After a few months of round-the-clock reports, media coverage of the war in Iraq has dwindled to a single daily announcement of a U.S. military casualty or the latest capture of a former Iraqi government insider. Embedded journalists have been pried loose to cover the conflict in Liberia, the gubernatorial politics in California or the sexual assault accusations against an NBA basketball star.

Yet, thousands of U.S. soldiers remain in a country that does not behave as if the war is over, their reconstruction efforts hampered by continued ambushes and attacks on their lives. Their war is definitely not sidelined by other global conflicts; it remains a daily ordeal with no end in sight.

This reality hit me right between the eyes recently when I had the privilege of working a military transport that served as my own personal embed into the war know as Iraqi Freedom. During the active phase of the war in Iraq, commercial airlines, in a long-standing wartime practice, are pressed into service by the U.S. military to transport troops from locations around America to a common departure point in Europe, and, from there, on to the Middle East.

Large wide-bodied aircraft that normally cross the North Atlantic or Pacific oceans with tourists and business travelers headed to Europe and Asia are, instead, filled to their crammed overhead bins with soldiers in full battle gear on their way to active duty. Or, sometimes, with weary but excited veterans returning home from the desert.

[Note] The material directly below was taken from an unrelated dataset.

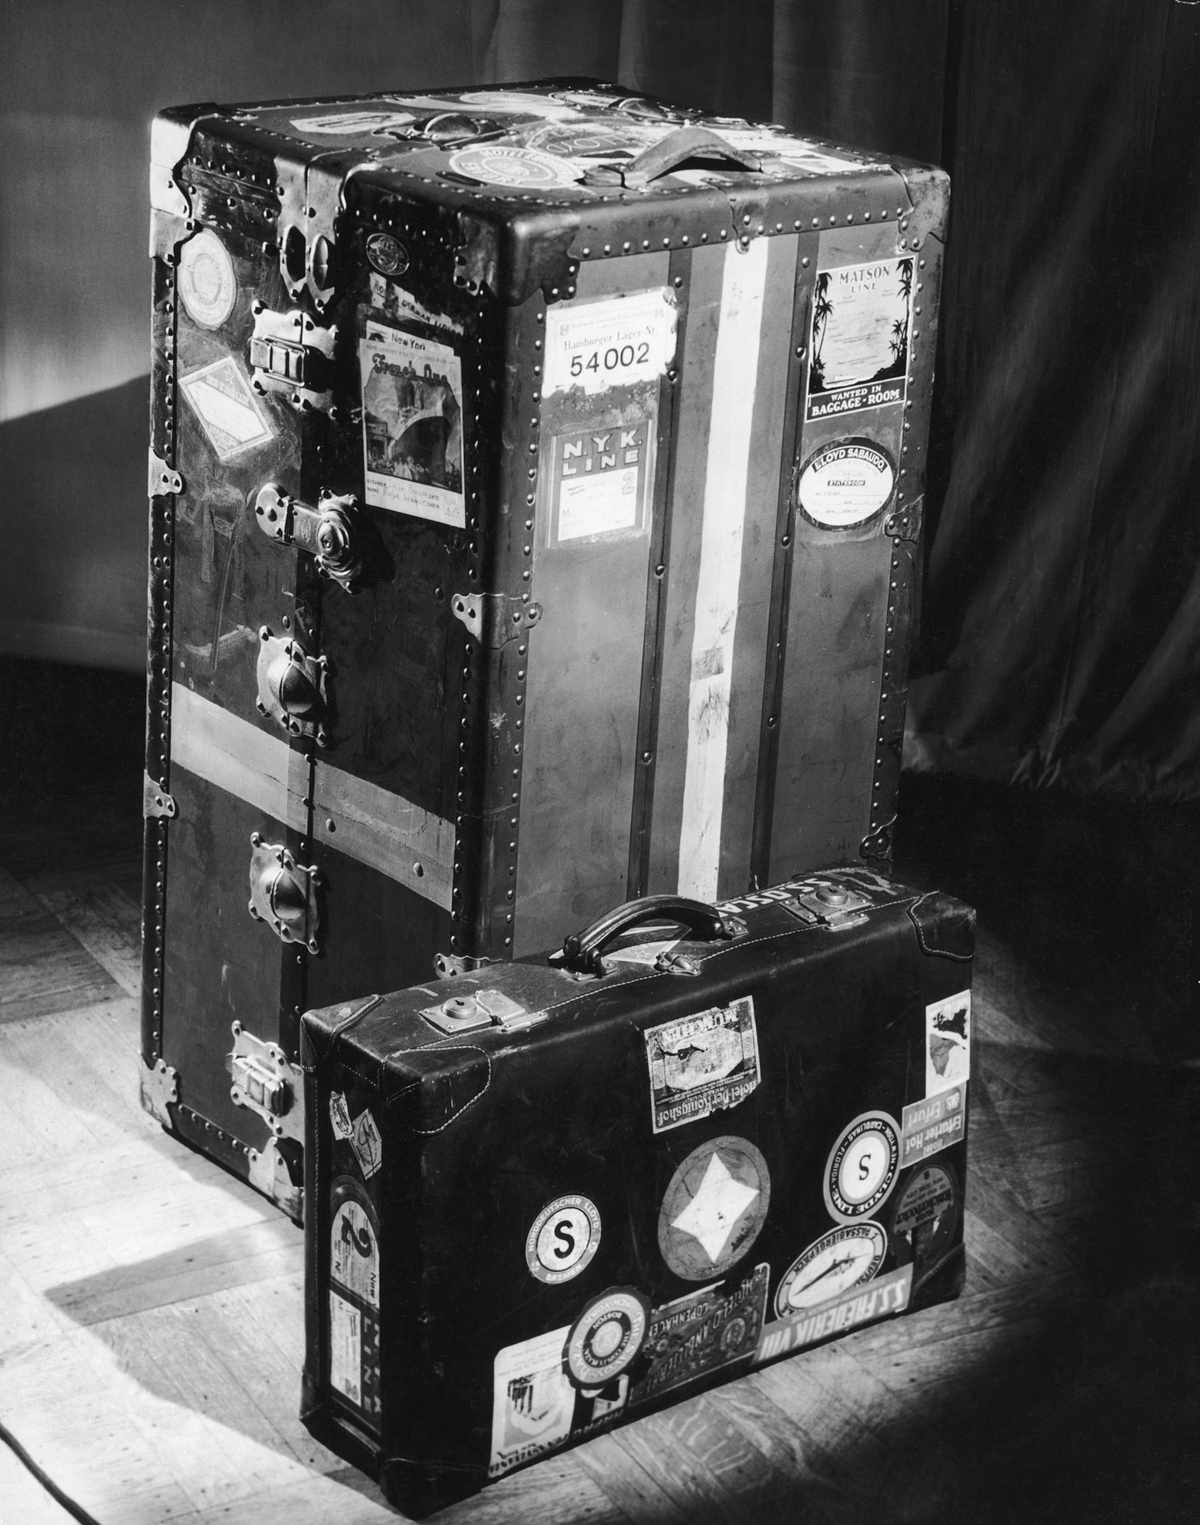 Vintage trunk luggage

We loaded our soldiers in the middle of the night. One long, continuous line of sand-colored fatigues stretched like a desert caravan from the base terminal across the tarmac to the ramp stairs of our airplane. The base commanders stood at the foot of the stairs and shook the hand of each and every soldier, who then clambered up to the aircraft door weighted down with a waterpack, Kevlar vest, night-goggled battle helmet, backpack, bedroll and weapon. When we asked why each of them boarded with a Meal Ready to Eat, or MRE, in hand, since we were to feed them several times before we landed, an officer told us that the troops were provisioned with their first combat meal in advance.

The soldiers ranged in age from 18 years old to their late 50s, encompassed a rainbow of ethnic backgrounds, the gamut of United States geographic diversity, and included reservists, civilians, officers and enlisted. This group was unfailingly polite, always a “please,” “thank you,” “yes, ma’am” and “no, ma’am.” Never a complaint, always a compliment – they were endearing with their combination of stoicism and gracious manners.

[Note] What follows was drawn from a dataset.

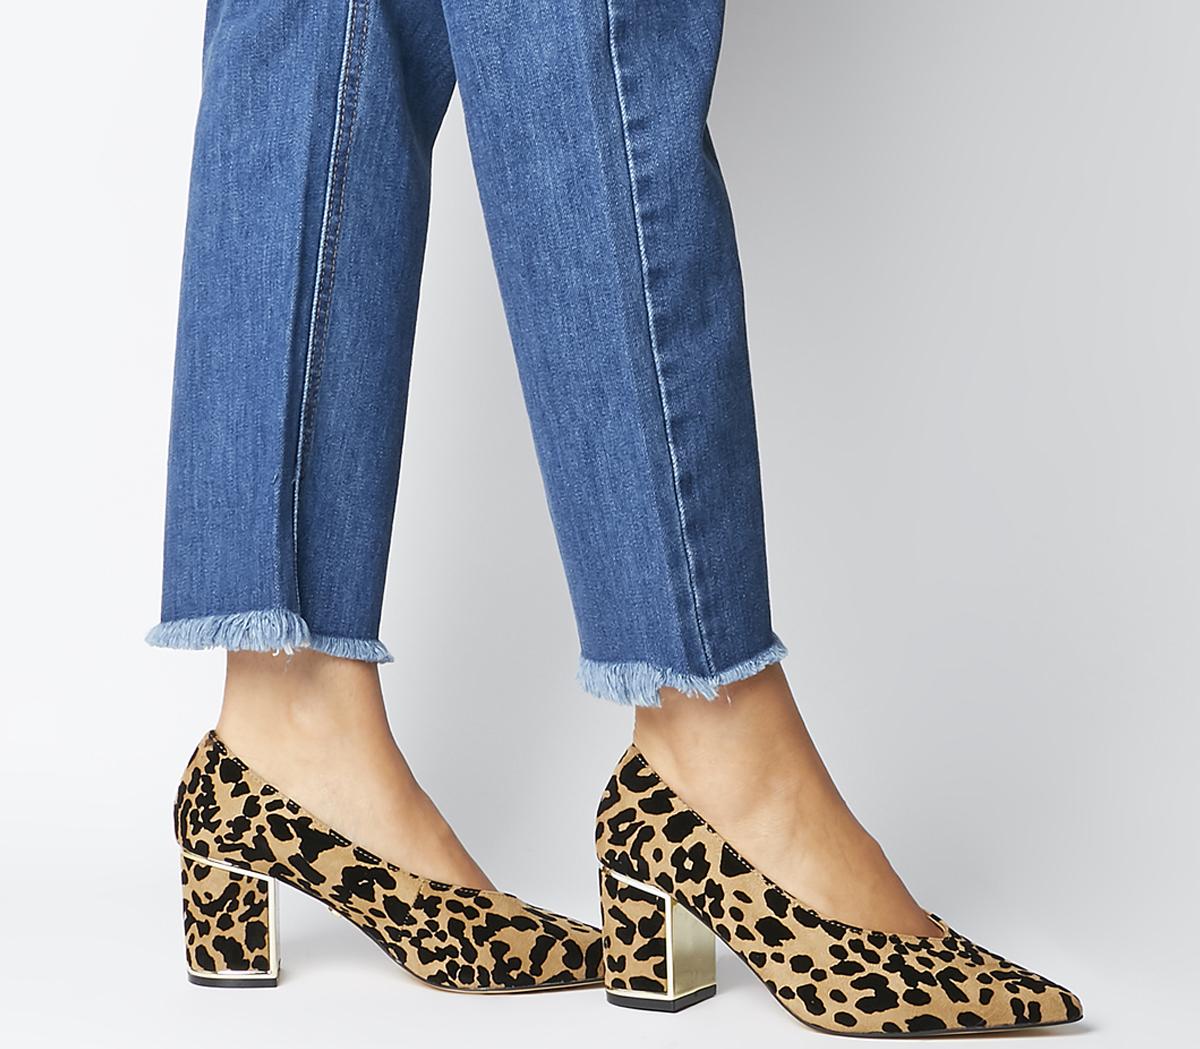 leopard pumps block heel

The mood became more somber as we neared our destination and prepared to say goodbye. The crew hurried to gather e-mail and home addresses to keep in touch with the soldiers through their families, promising to write to the West Virginia physician’s assistant’s wife and two children who were upset that daddy wouldn’t be home for Halloween. And to the mother of the soldier from Arkansas who had just experienced the longest airplane flight in his life.

Someone passed around an American flag for everyone to sign as a memento of the trip, and soldiers and crew alike took photos of each other like the last day of summer camp. As the soldiers deplaned, we hugged them goodbye and wished them a safe return. Many hugged back until our ribs creaked, and often, the flight attendants were not the only ones with tears in their eyes.

Now, I read the paper and watch the news wondering if the latest ambush at a checkpoint means that one of the MPs on my flight isn’t coming home. Or if the sniper attacks have injured or killed one of the mechanics, communications specialists or chemical unit soldiers that looked me in the eye with a smile before walking off my airplane to an unknown fate.

For me, now, like the loved ones and families of these soldiers, there is not enough news about the war, not enough footage of living, breathing soldiers who I hope, one day, to welcome with open arms on their return flight to U.S. soil.